Wednesday, March 31, 2010
Rock of Cashel - Tipperary
The Rock of Cashel is a splendid sight, a limestone outcropping rising 200 ft. above the Tipperary plain of southern Ireland. This is one of the great historic sites of Ireland, important for both ecclesiastical and royal reasons. From 370 to 1101 it was the seat of the Kings of Munster, who ruled over vast swaths of the south. Most famously, it was visited by St. Patrick in 450, when he converted and baptized Aengus, King of Munster.
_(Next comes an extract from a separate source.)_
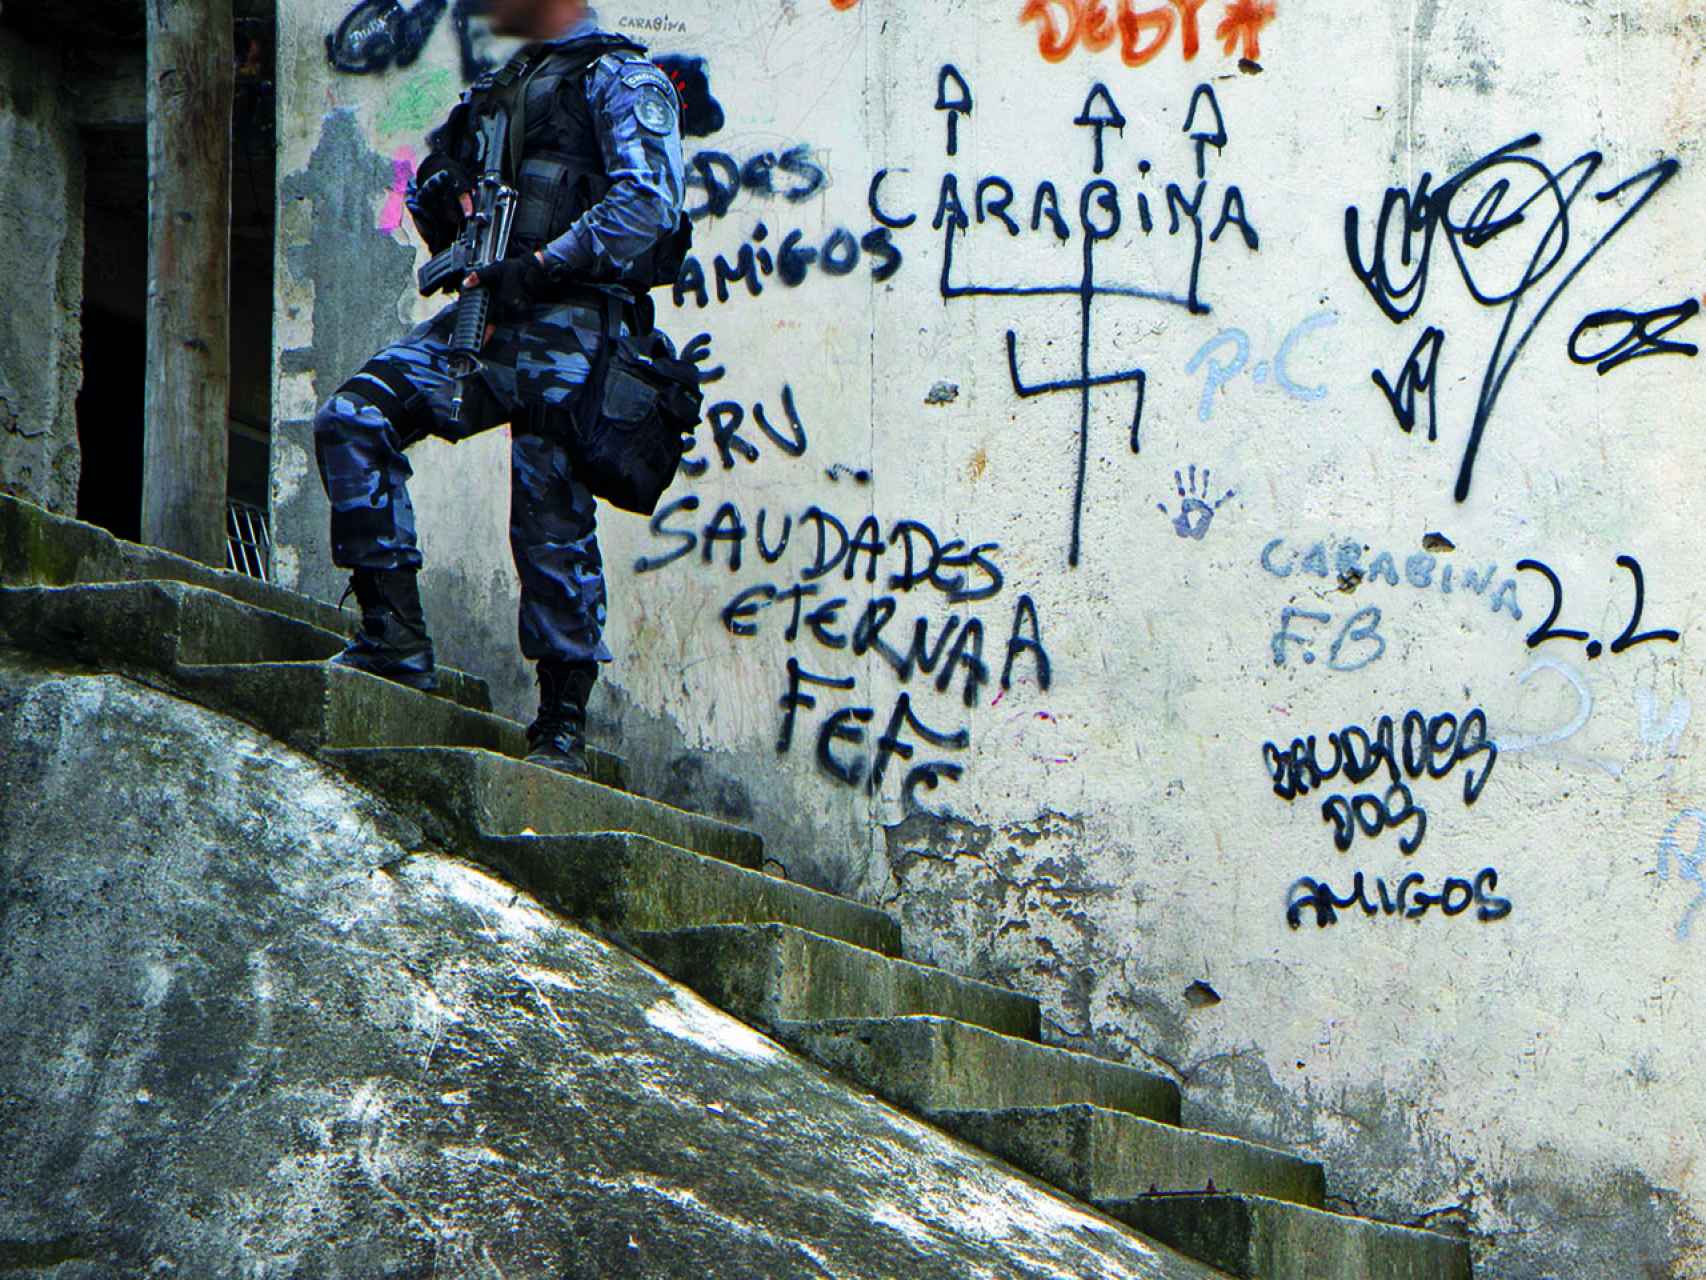 Río Ciudad Olímpica: La Policía Militar quita el sueño

The great king and hero Brian Boru was crowned in Cashel in the eleventh century; he later became king of all Ireland. In 1101 Cashel was handed over to the Church and became an ecclesiastical site of the highest order; its bishops behaved and lived like kings. Cashel continued in this role until the time of Cromwell, when the cathedral was destroyed in 1647. The people who had taken refuge there were killed; several thousand people died that day. A century later its decaying buildings, costly to maintain, were abandoned in favor of St. John's church in the village below. The former bishop's palace (c. 1732) in the town now serves as a luxury hotel (photo below).
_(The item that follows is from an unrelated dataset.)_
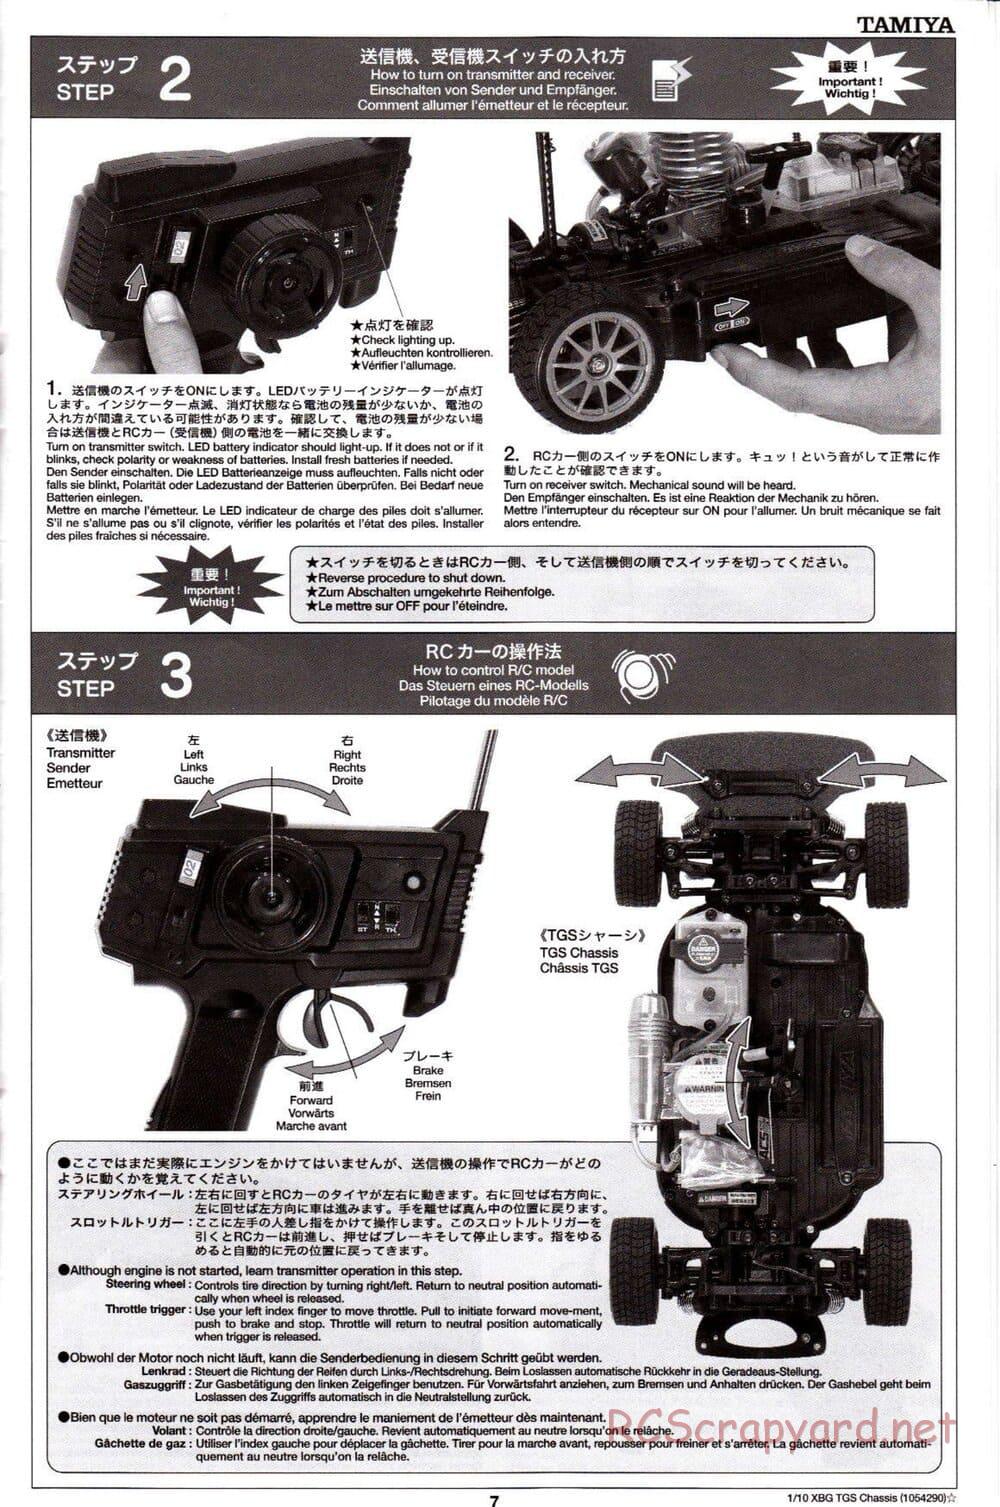 Tamiya - TGS Chassis - Manual - Page 7

This picturesque complex of medieval ruins is one of the most remarkable collections of Celtic art and architecture to be found anywhere in Europe. The walled area includes a round tower (circa 1100), Romanesque chapel, 13th century Gothic cathedral and a 15th century castle, as well as the whole craggy and wonderfully atmospheric ensemble in its venerable state of ruin.
The Round Tower is in excellent condition, the best preserved in Ireland. It is made of sandstone and stands 92 ft. high. The doorway stands 12 ft. above the ground. These round towers are a building form unique to Ireland. They were built as bell towers but frequently served as treasuries and places of refuge. For security, sets of ladders were used in place of stairs; once a ladder was used to reach the elevated entrance, those inside would pull up the ladder so that others would have no means of reaching them. The same ladder would then be used to access each of the interior levels.
Cashel (pop. 3,000) lies on the main route from Dublin to Cork, less than a three-hour drive southwest of Dublin. NOTE: Scaffolding and restoration work currently spoil a visit to the Rock of Cashel (as of June, 2010).